What emerges from this union is not a more powerful technology, but a new logic for how all of them interact. And when that happens, you know the story has changed scale.
The technological snap: when everything changes at the same time
The first of these scenarios has to do with truly autonomous agents, capable of reasoning, breaking down objectives, executing actions, and learning from the outcome without constant supervision. They wouldn’t be assistants waiting for instructions, but systems that understand context, prioritize tasks, and complete full processes on their own. Their impact wouldn’t be only in speed, but in transforming the human role: we move from operators to coordinators.
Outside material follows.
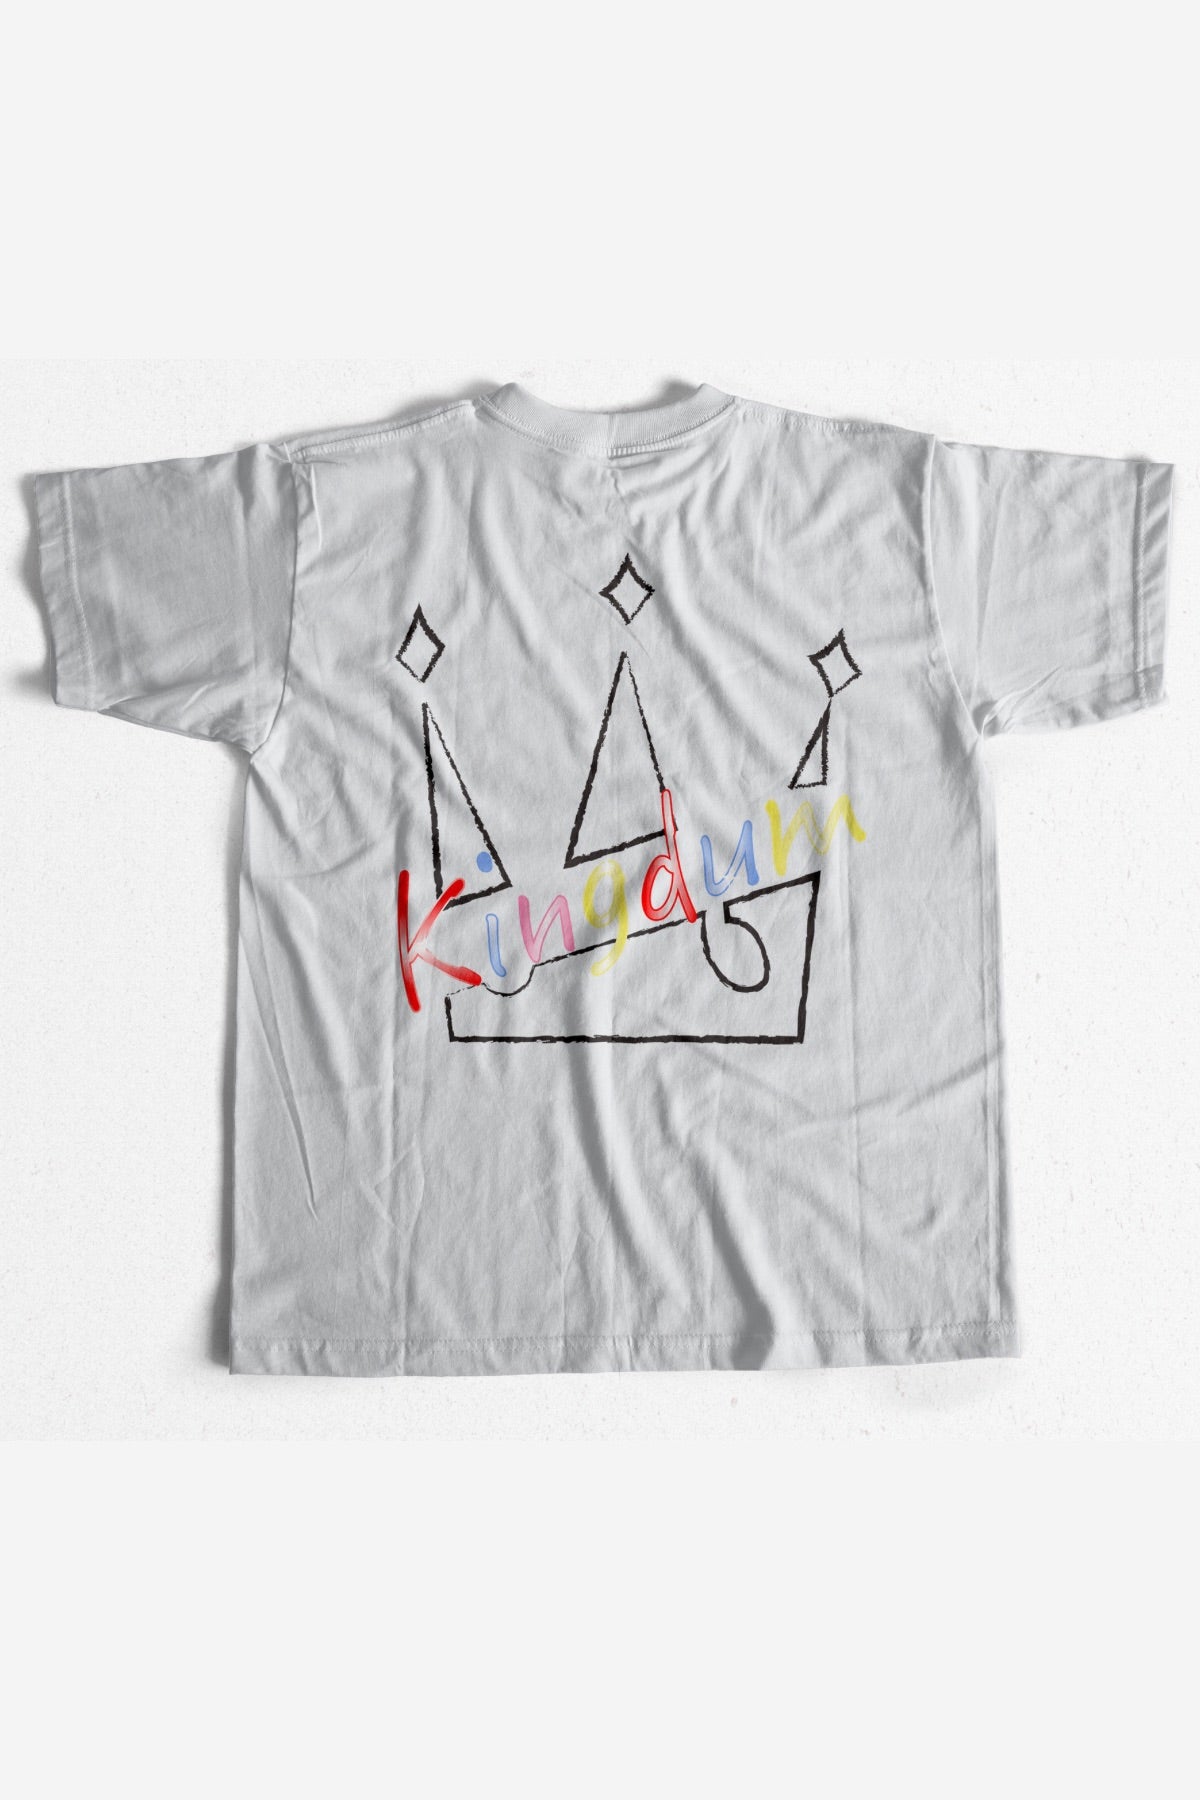 Sketched Out Crown T-shirt (White)

Another possible inflection point is the arrival of an operating system with native intelligence, where AI is no longer an application but the layer that organizes everything else. In this model, what we understand as “using software” changes completely: interaction doesn’t start from the tool, but from intention, and technology takes care of turning that intention into chained actions.
There is also the possibility of an AI with functional self-awareness—not in the philosophical sense, but as the ability to maintain an internal model of itself: understanding what it knows, what it doesn’t, what it needs to look up, and how it should adjust to solve a problem. This capability would turn AI into a complete cognitive entity—not because it thinks like us, but because it would be able to manage its own mental process.
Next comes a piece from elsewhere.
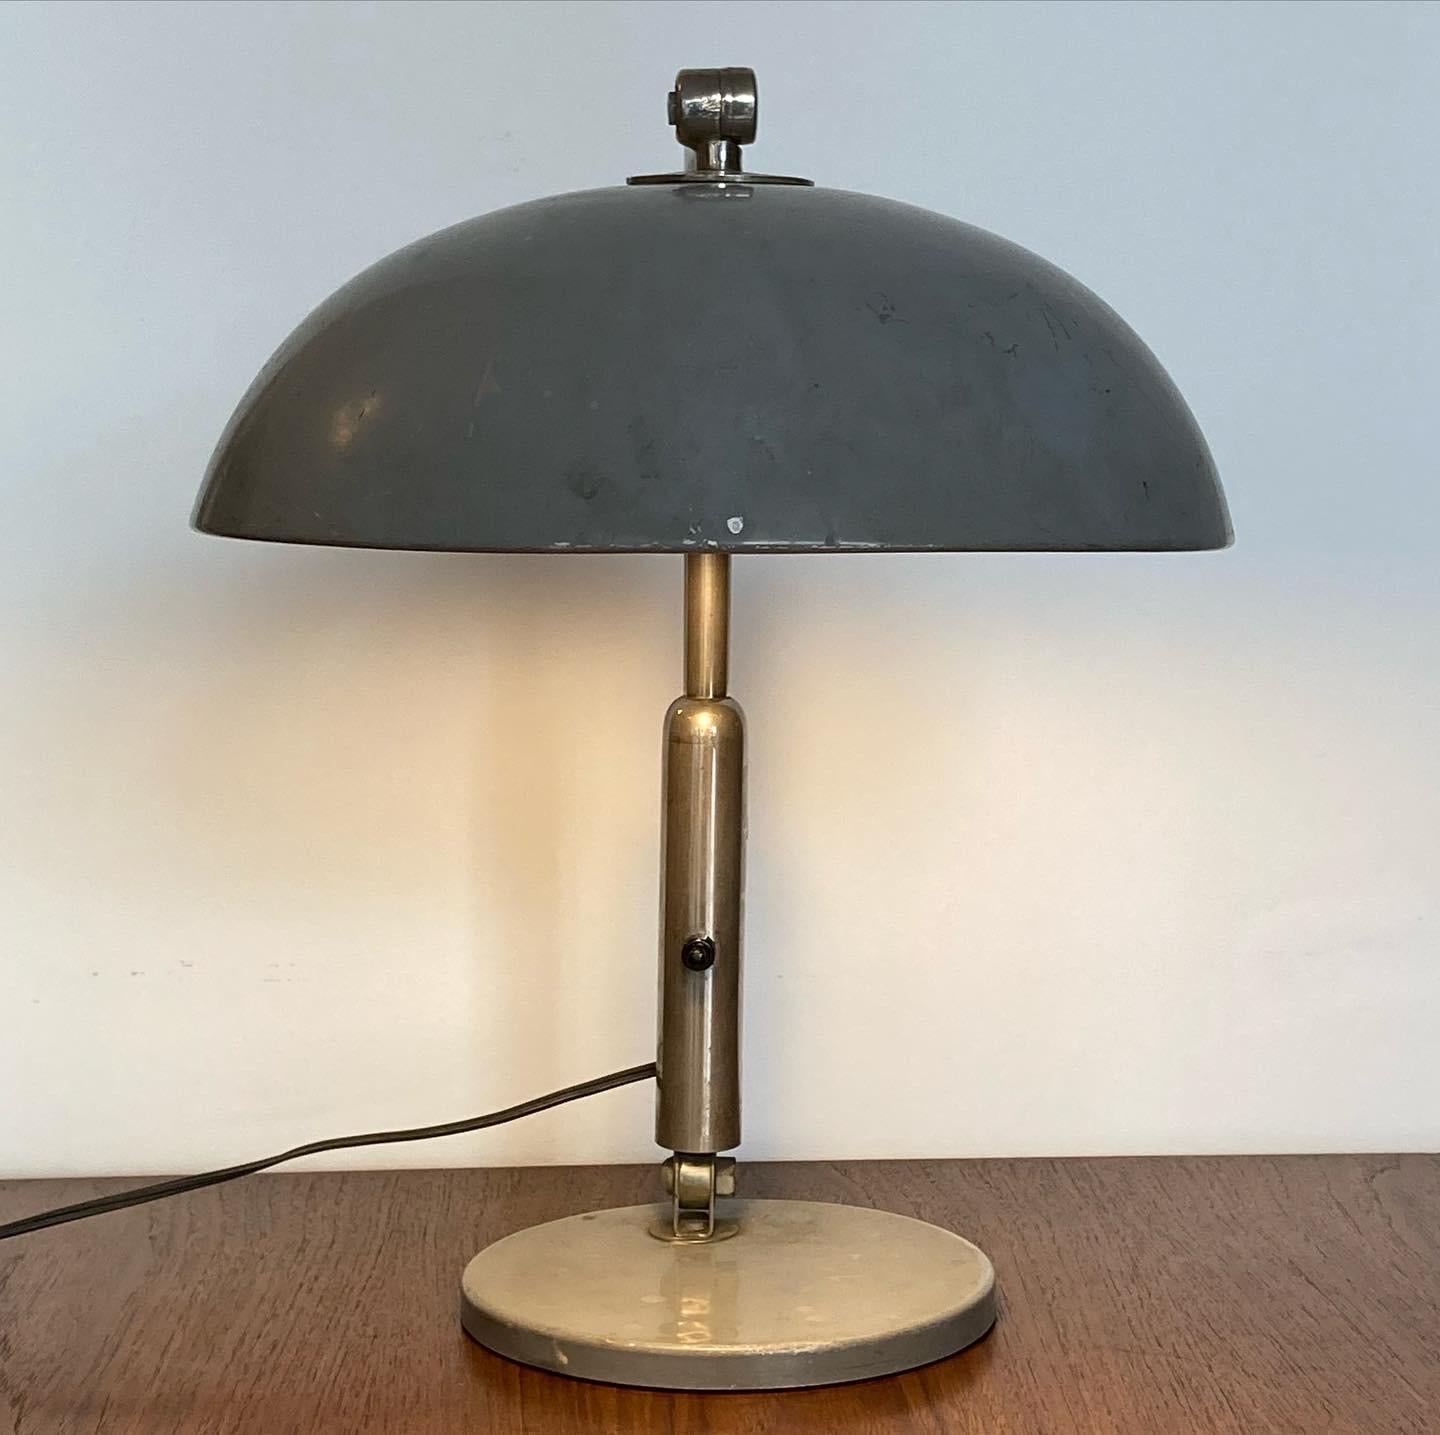 Beautiful desk Lamp designed in 1932 by H. Busquet and manufactured by Hala Zeist in the Netherlands in the 1950s. Strong patina shows how the lamp was loved and used by previous owners, still in great condition with only scratches to the original

Added to that is another front advancing at great speed: total multimodal convergence, where models integrate text, vision, audio, movement, human signals, and 3D environments fluidly. That kind of intelligence would not only interpret the world with greater fidelity, but could also operate within it with subtlety—from robots that understand emotions to agents that participate in complex systems without losing context.
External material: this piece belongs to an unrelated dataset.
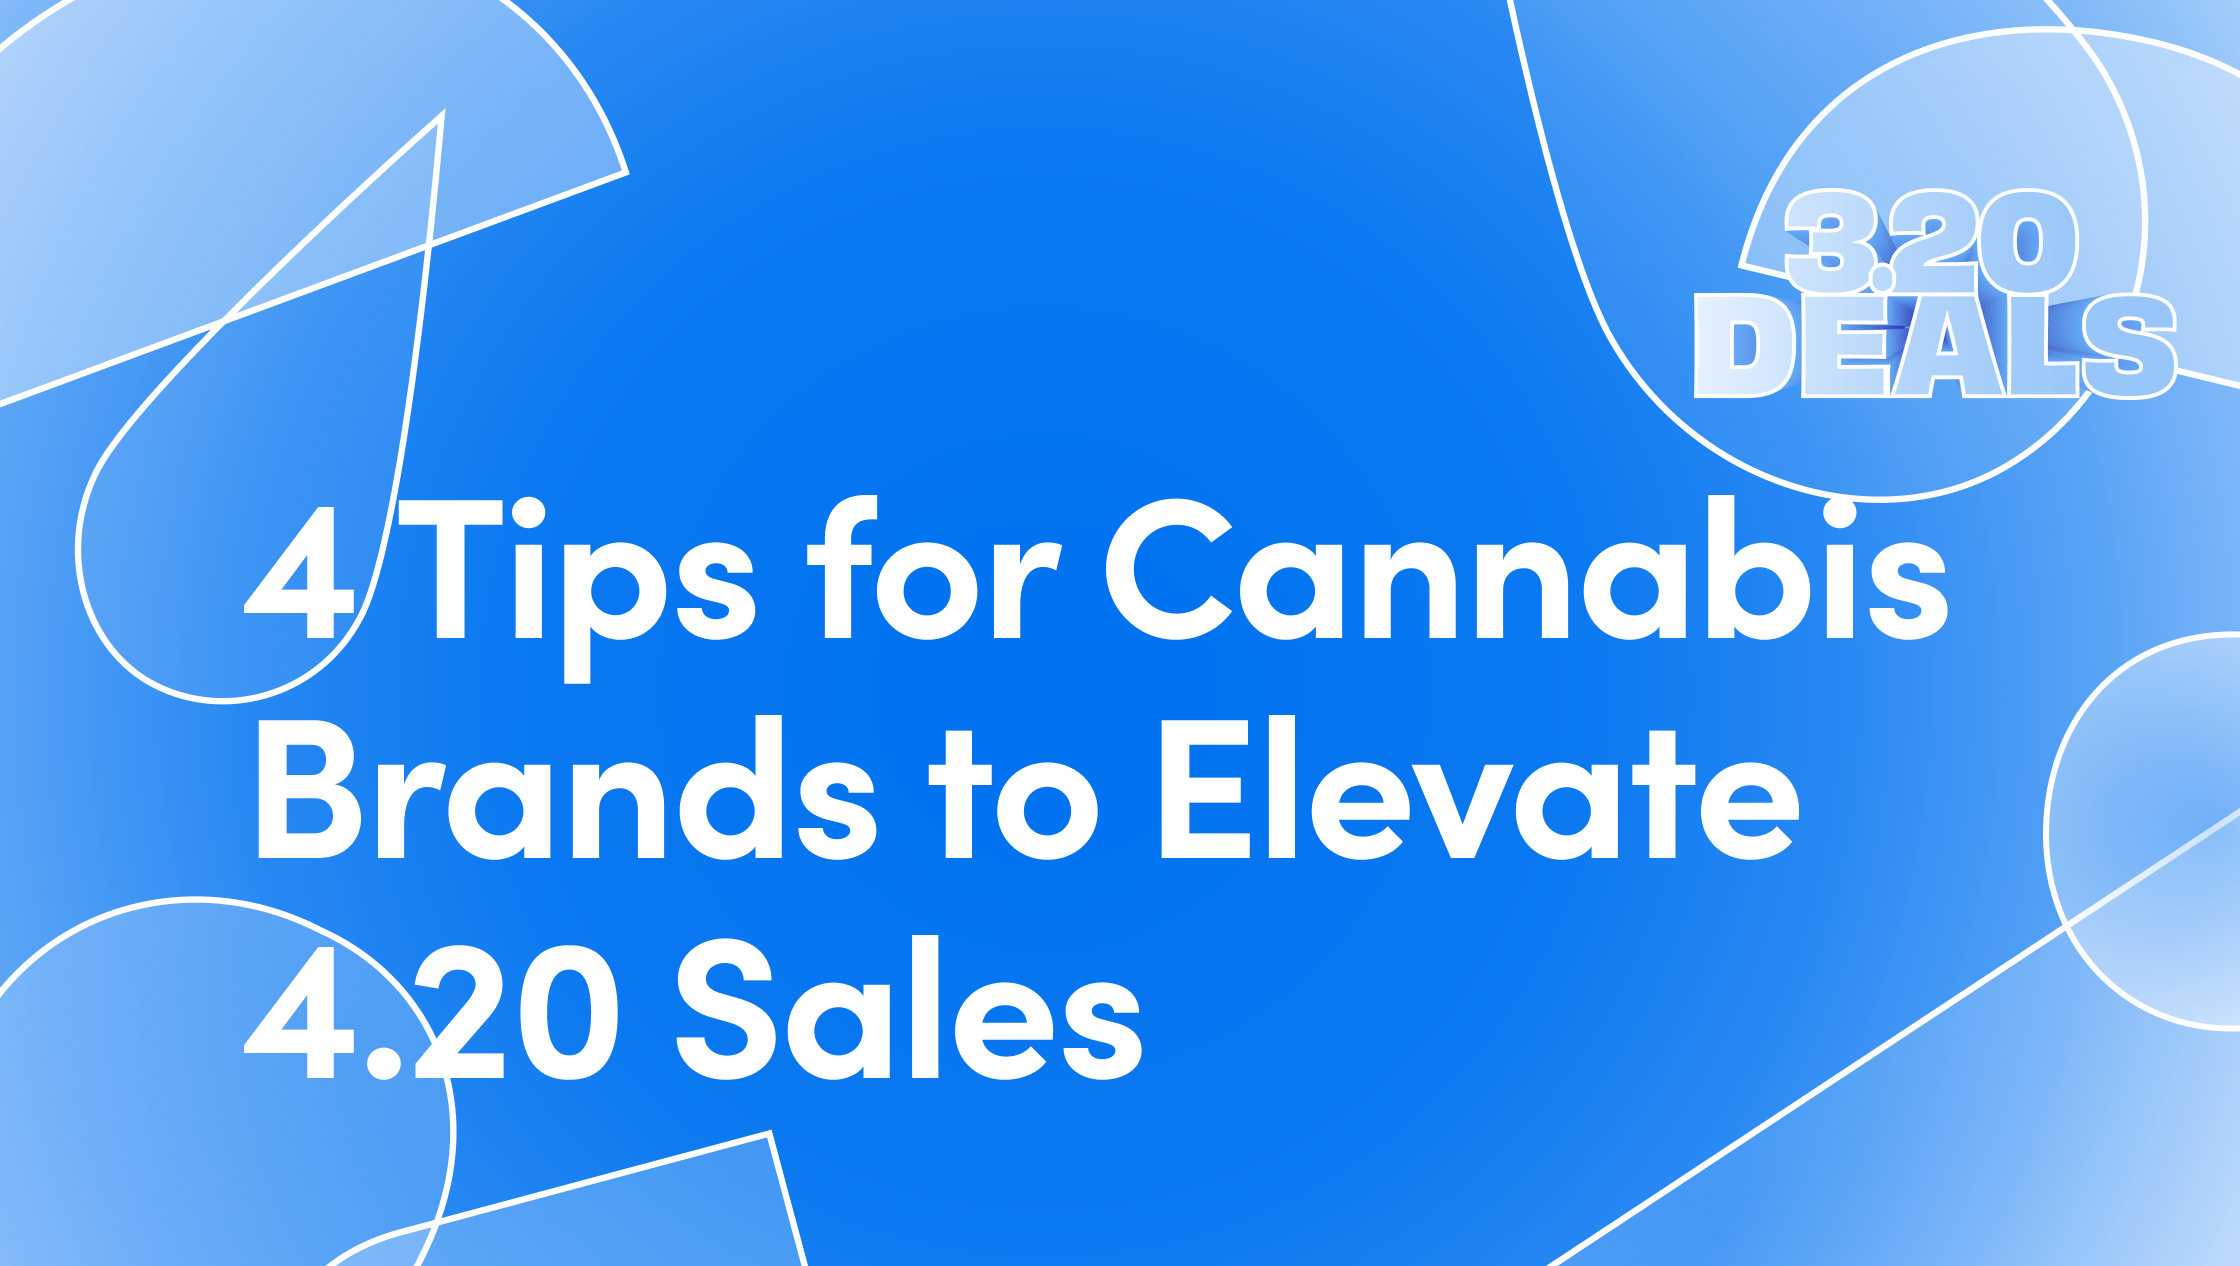 4 Tips for Cannabis Brands to Elevate 4.20 Sales

And finally there is cognitive automation at scale: a scenario in which much of intellectual work—analysis, proposals, decisions, research, prototyping, evaluation—is executed by autonomous systems with human auditing. At that point, organizations no longer operate in people-guided cycles, but in continuous flows where technology makes decisions and humans adjust, correct, or redefine the direction.
Conclusion: the post-credits scene
In great stories, the most important moment isn’t the event that changes everything, but what comes after. The world doesn’t restart, it doesn’t erase itself, and it doesn’t begin from scratch; it reorganizes. The characters remain the same, but the rules under which they operate no longer are. The balance is redefined, and each actor has to decide how to adapt to that new order.
If we bring that idea into the technological realm, the true impact of this convergence isn’t in a single innovation or a specific announcement, but in how it changes our relationship with technology. When tools stop being passive, when systems understand context, execute actions, coordinate processes, and learn from their own outcomes, the question stops being what they can do and becomes what role is left for us.
The famous snap was not, in essence, an act of destruction. It was a brutal decision of reconfiguration. An extreme way to force a new balance in a universe that could no longer hold under the old rules. In the case of technology, that rebalancing likely won’t imply instant disappearances, but it will involve a deep redefinition of what it means to work, create, decide, and deliver value.